Just kidding. It’s not hard to imagine at all. Nobody really thinks that Republicans love freedom. I mean come on. If it’s one thing the W years taught us, it’s that Republicans don’t give a good goddamn about freedom.

Come to think of it, it’s hard to say what Republicans do love. I would say that they love other Republicans, if they weren’t so found of throwing one another to the lions whenever one of them strays too far towards the center of an issue.

I would say that they love money, except that the majority of them tend to do better financially when a Democrat is in office.

I would say that they love the military, except they don’t really treat them very well, and no Republican administration has tried harder to reform the VA than Obama's has.

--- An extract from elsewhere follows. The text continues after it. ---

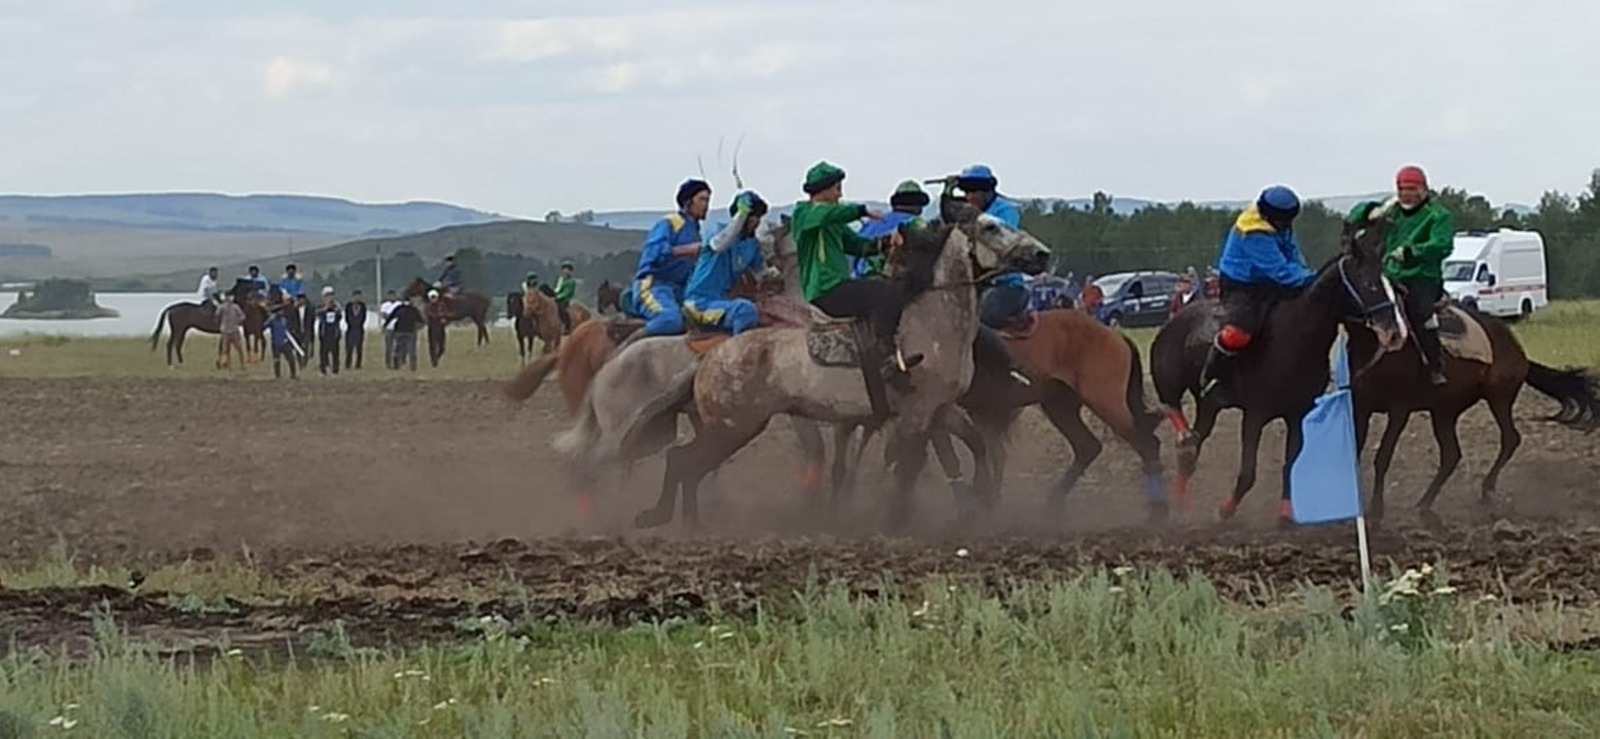 В рамках фестиваля башкирской лошади проходят конные скачки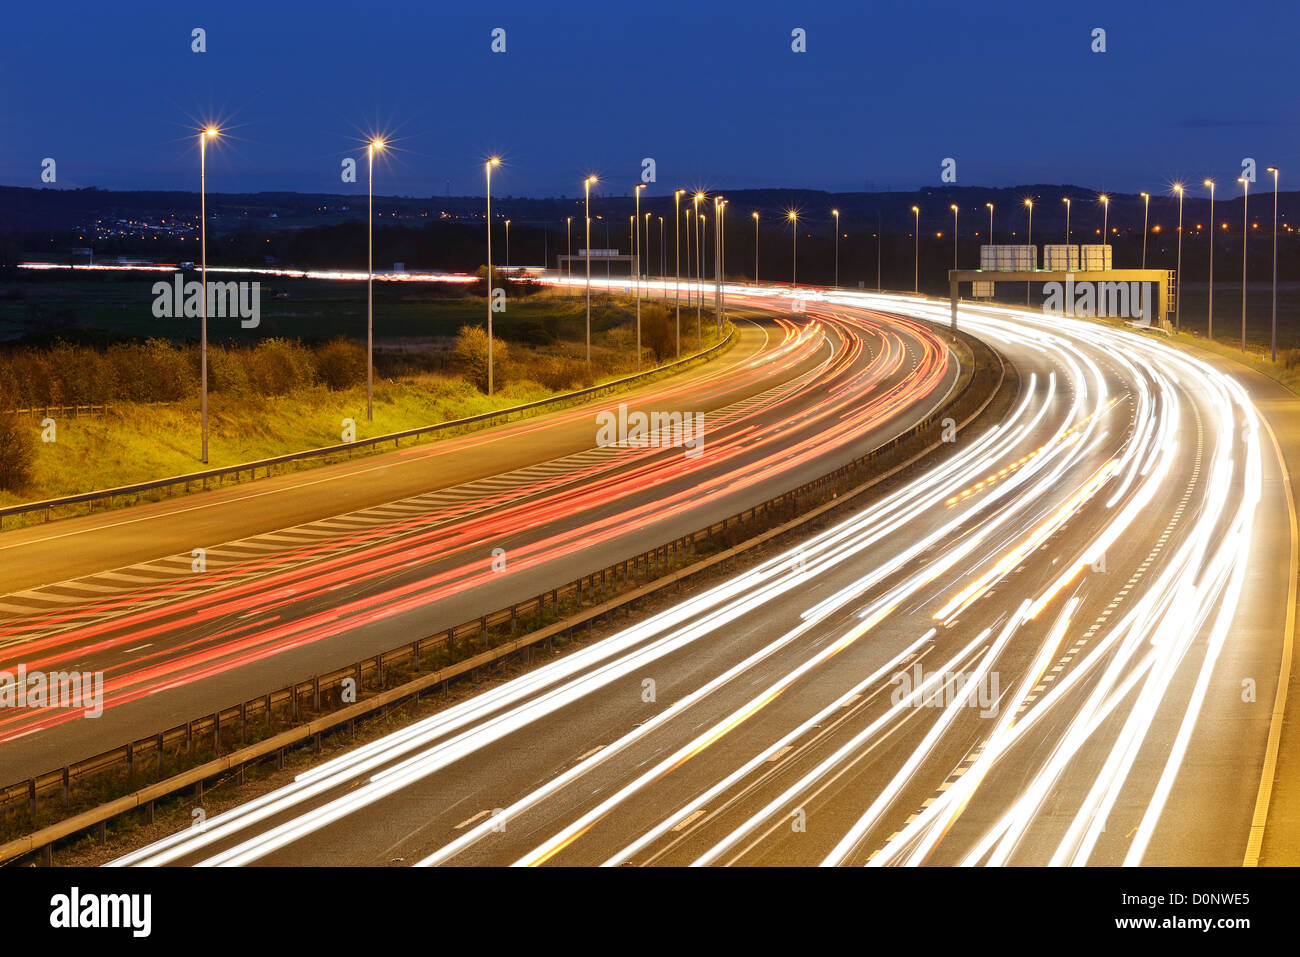 Night traffic on the M56 motorway Cheshire UK Stock Photo

I would say that they love their god, except I don’t see how that could be, since they’ve made him out to be such an asshole. For one thing, he’s always causing homosexuals to be born, and then turning right around and trying to wipe them out with hurricanes and such. Hey Republican God, why not send a hurricane or typhoon or something to wipe out bin Laden, if you’re so simultaneously pro-America/handy with the catastrophic storms?

I would say that they love the flag, except they’re always disrespecting it by pretending that it represents their anger, or their insecurities about minorities, or their ignorance of our foreign policies, instead of what it really represents: The United States of America.

I love America. But America is not perfect. We’re like a family that way. It’s okay to say that. It’s okay to want to make it better. I mean, if you can’t even admit that we made some pretty bad decisions when we were younger, then I don’t even know how we can move forward at all.

And as a special message to those Americans who got their shit kicked by those floods in Tennessee: I’m sorry about what happened to you and your homes and your stuff. And it sucks that all that coverage of the world’s lamest terrorist, and the world’s shoddiest oil rig, pushed the spotlight off of you in your hour of need. Truly. The media was bored by your disaster, I guess, and it shouldn’t be that way. I could not agree more. I’m glad you banded together, and that your politicians are working with the various branches of government to enable your recovery. You have behaved admirably under unbelievable adversity, and that truly makes me feel proud to be an American.

But what hurts me, my brothers and sisters, is when you take what the media has done, and you construe it to mean that we don’t care about you because you are not New Orleans, nor Haiti. Or when you say that we only care about the things that Oprah tells us to care about. Whatever you think of our president, you weren’t cheated out of your due because you are white. It hurts me that you think that. That you maybe know in your heart it isn’t true, but say it anyway, hurts me even more.

Look, we don’t love you any less because of who you are, no matter who’s got his ass in the big chair in Washington. We love you the same, goddammit. That’s the whole point of it all, of everything we’re supposed to be about. So what good does it do to continue to count coup upon one another’s heads?